Thursday, September 09, 2010

Ohio Appeals Court Boots Promissory Note-Lacking Lender As State AG, Six Non-Profits Jump Into (Apparently) High-Stakes Fray In Support Of Homeowner

A recent decision ruling by an Ohio Court of Appeals affirmed a lower court's ruling:
  • striking the affidavit of an employee of a loan servicer (identified as a manager of trial preparation and discovery for Ocwen Loan Servicing) acting as servicing agent of the purported lender (HSBC Bank, as Trustee for ..., etc., etc.) that brought a foreclosure action because of defects in the affidavit;

  • refusing to consider the Ocwen employee's restated affidavit, in the course of deciding objections to the magistrate's decision, because HSBC failed to indicate why it could not have properly submitted the evidence, with reasonable diligence, before the magistrate had rendered a decision in the matter; and

  • rendering summary judgment against HSBC, and dismissing the foreclosure action for lack of standing because HSBC failed to establish that it was (a) the real party in interest to bring the suit, and (b) the holder of the promissory note secured by the mortgage being foreclosed.

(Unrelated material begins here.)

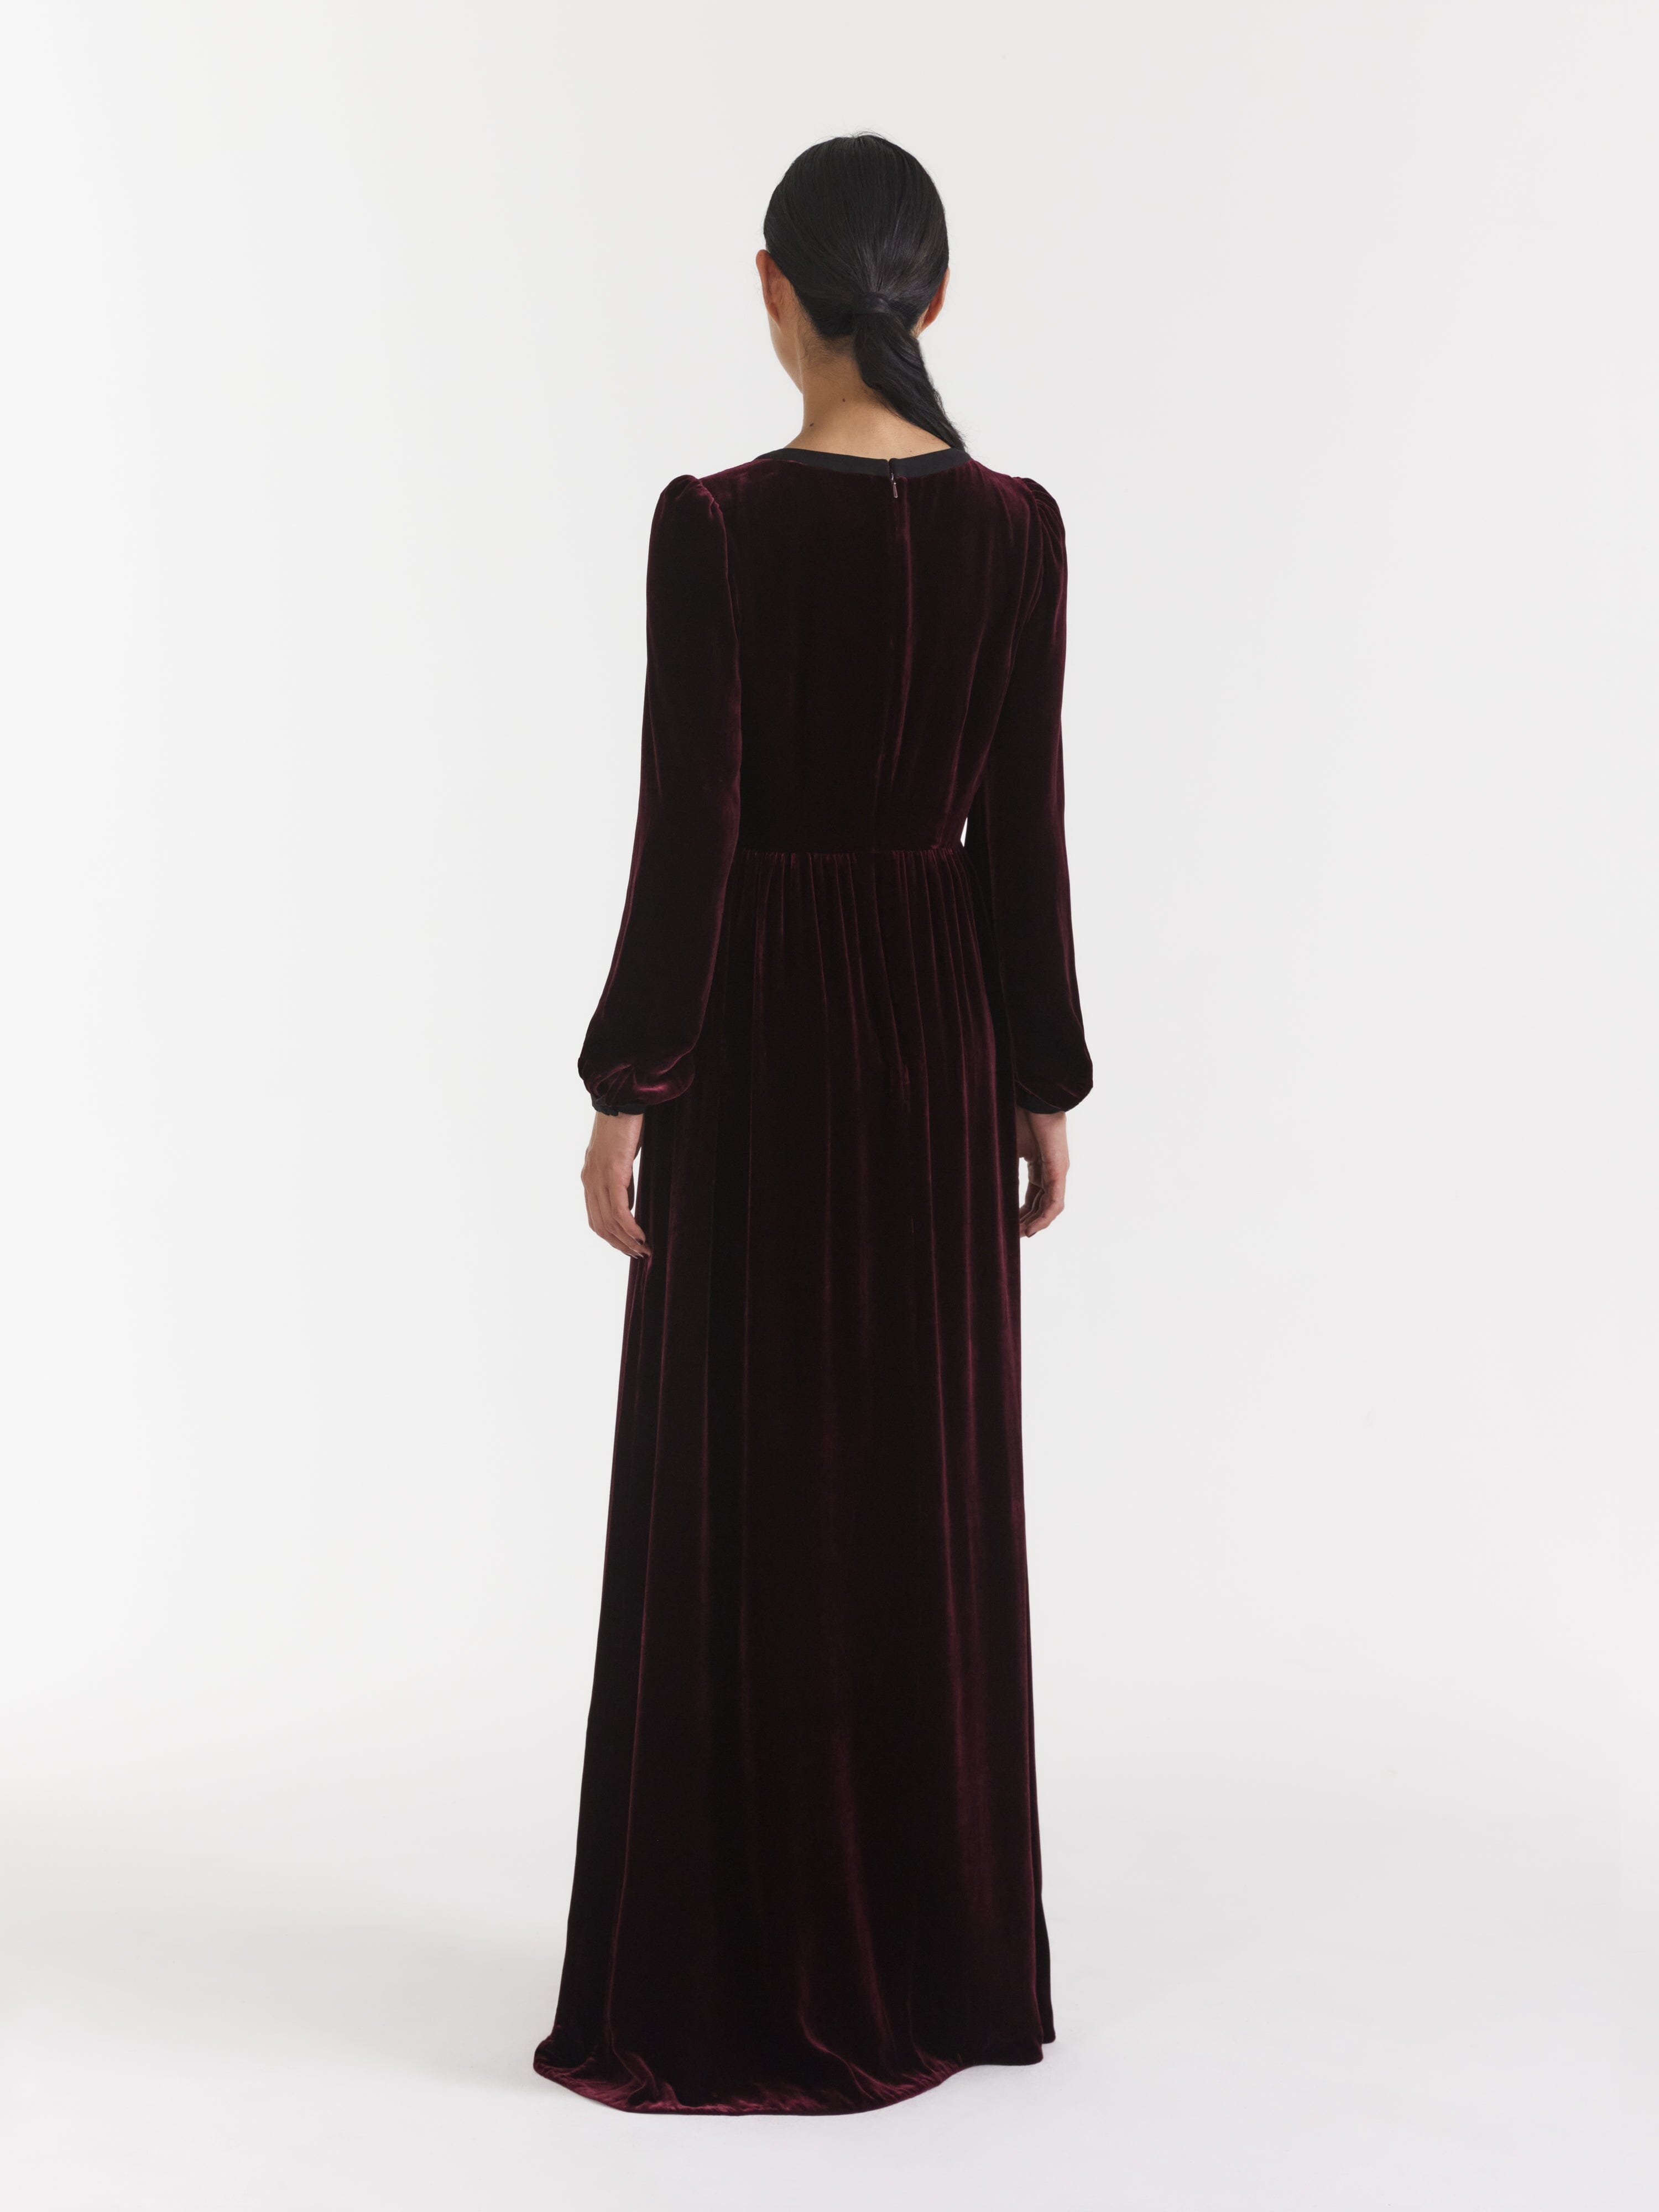 Velvet Dress - Buy Velvet Dress online at Best Prices in India |  Flipkart.com
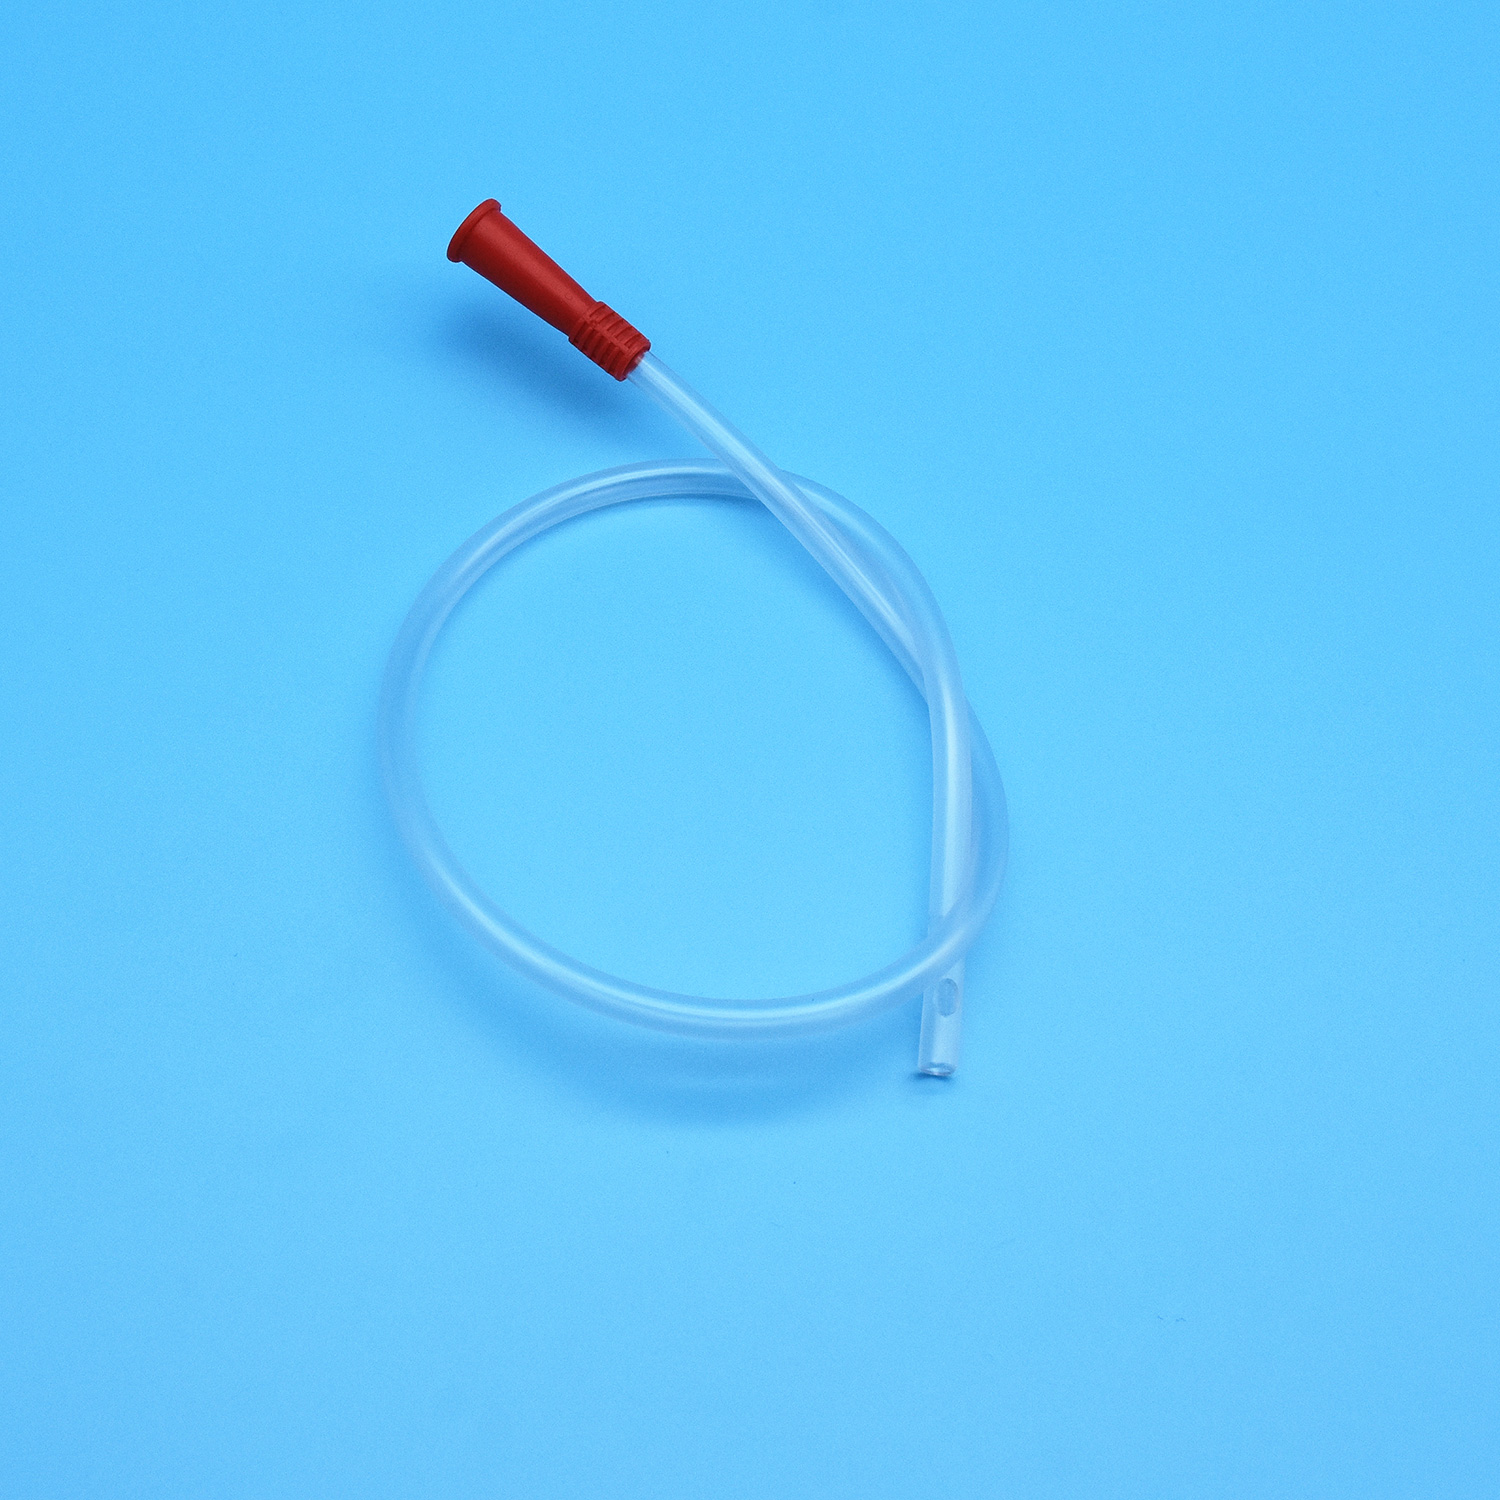 အသက်ရှုလမ်းကြောင်းကုထုံးအတွက် တစ်ခါသုံးဆေးဘက်ဆိုင်ရာကိရိယာ အောက်ဆီဂျင်ပေးပို့ခြင်း PVC စက်ရုံ ISO Suction Catheter ပေးသွင်းသူ တစ်ကြိမ်သုံး

The stakes in this case, which by all appearances involved nothing more than your standard, run-of-the-mill "lack of standing" and "real party in interest" claims, were apparently somehow ratcheted up significantly along the way as it attracted enough interest from the Ohio Attorney General's office to cause it to jump into the fray and file a "friend of the court" brief supporting the homeowner's position.

Further, a second amicus brief, also supporting the homeowner's position, was filed on behalf of six Ohio non-profit legal and consumer advocates, who apparently also wanted to get in on the action.(1)(2)

Among the points the appeals court had problems with, and that sunk the lender in this case were:

  • In the original affidavit filed on behalf of HSBC, the Ocwen employee averred "[t]hat he had executed it in Palm Beach, Florida. However, the notation at the top of the first page of the affidavit and the jurat both state that the affidavit was sworn to and subscribed to in New Jersey, before a notary public." (see paragraph 11 of the ruling);

  • With respect to the restated affidavit, "The affidavit was identical to what was previously submitted, except that the first page indicated that the affidavit was being signed in Palm Beach County, Florida. The jurat is signed by a notary who appears to be from Florida, although the notary seals on the original and copy that were submitted are not very clear. HSBC did not offer any explanation for the mistake in the original affidavit." (see paragraph 15 of the ruling);

  • Regarding copies of a pair of purported, undated "allonges" submitted as loose papers to the court by the servicer accompanying a purported copy of the promissory note, there was no evidence that the allonges were ever affixed to the note as required under Ohio law; and further, the order in which the purported allonges were submitted did not support HSBC's claim that it was the holder of the promissory note.(3)

For the entire ruling, see HSBC Bank USA v. Thompson, 2010 Ohio 4158 (2nd App. Dist., Montgomery County, September 3, 2010).

(1) The Ohio non-profit heavyweights who chimed in with their support of the homeowner's position were:

(2) Not to be outdone, in addition to being represented by local counsel, the foreclosing lender also called in the Washington, D.C. office of some national, big-shot, white shoe law firm for additional artillery (apparently to no avail).

(3) In this regard, the appellate court stated (at pargraphs 67-70):

  • {¶ 67} In contrast to Watson, no evidence was presented in the case before us to indicate that the allonges were ever attached or affixed to the promissory note. Instead, the allonges have been presented as separate, loose sheets of paper, with no explanation as to how they may have been attached. Compare In re Weisband, (Bkrtcy. D. Ariz., 2010), 427 B.R. 13, 19 (concluding that GMAC was not a "holder" and did not have ability to enforce a note, where GMAC failed to demonstrate that an allonge endorsement to GMAC was affixed to a note. The bankruptcy court noted that the endorsement in question "is on a separate sheet of paper; there was no evidence that it was stapled or otherwise attached to the rest of the Note.")

  • {¶ 68} It is possible that the allonges in the case before us were stapled to the note at one time and were separated for photocopying. But unlike the alleged creditor in Watson, HSBC offered no evidence to that effect. Furthermore, assuming for the sake of argument that the allonges were properly "affixed," the order of the allonges does not permit HSBC to claim that it is the possessor of a note made payable to bearer or endorsed in blank.

  • {¶ 69} The first allonge is endorsed from Delta to "blank," and the second allonge is endorsed from Fidelity to Delta. If the endorsement in blank were intended to be effective, the endorsement from Fidelity to Delta should have preceded the endorsement from Delta to "blank," because the original promissory note is made payable to Fidelity, not to Delta. Delta would have had no power to endorse the note before receiving the note and an endorsement from Fidelity.

  • {¶ 70} HSBC contends that the order of the allonges is immaterial, while Thompson claims that the order is critical.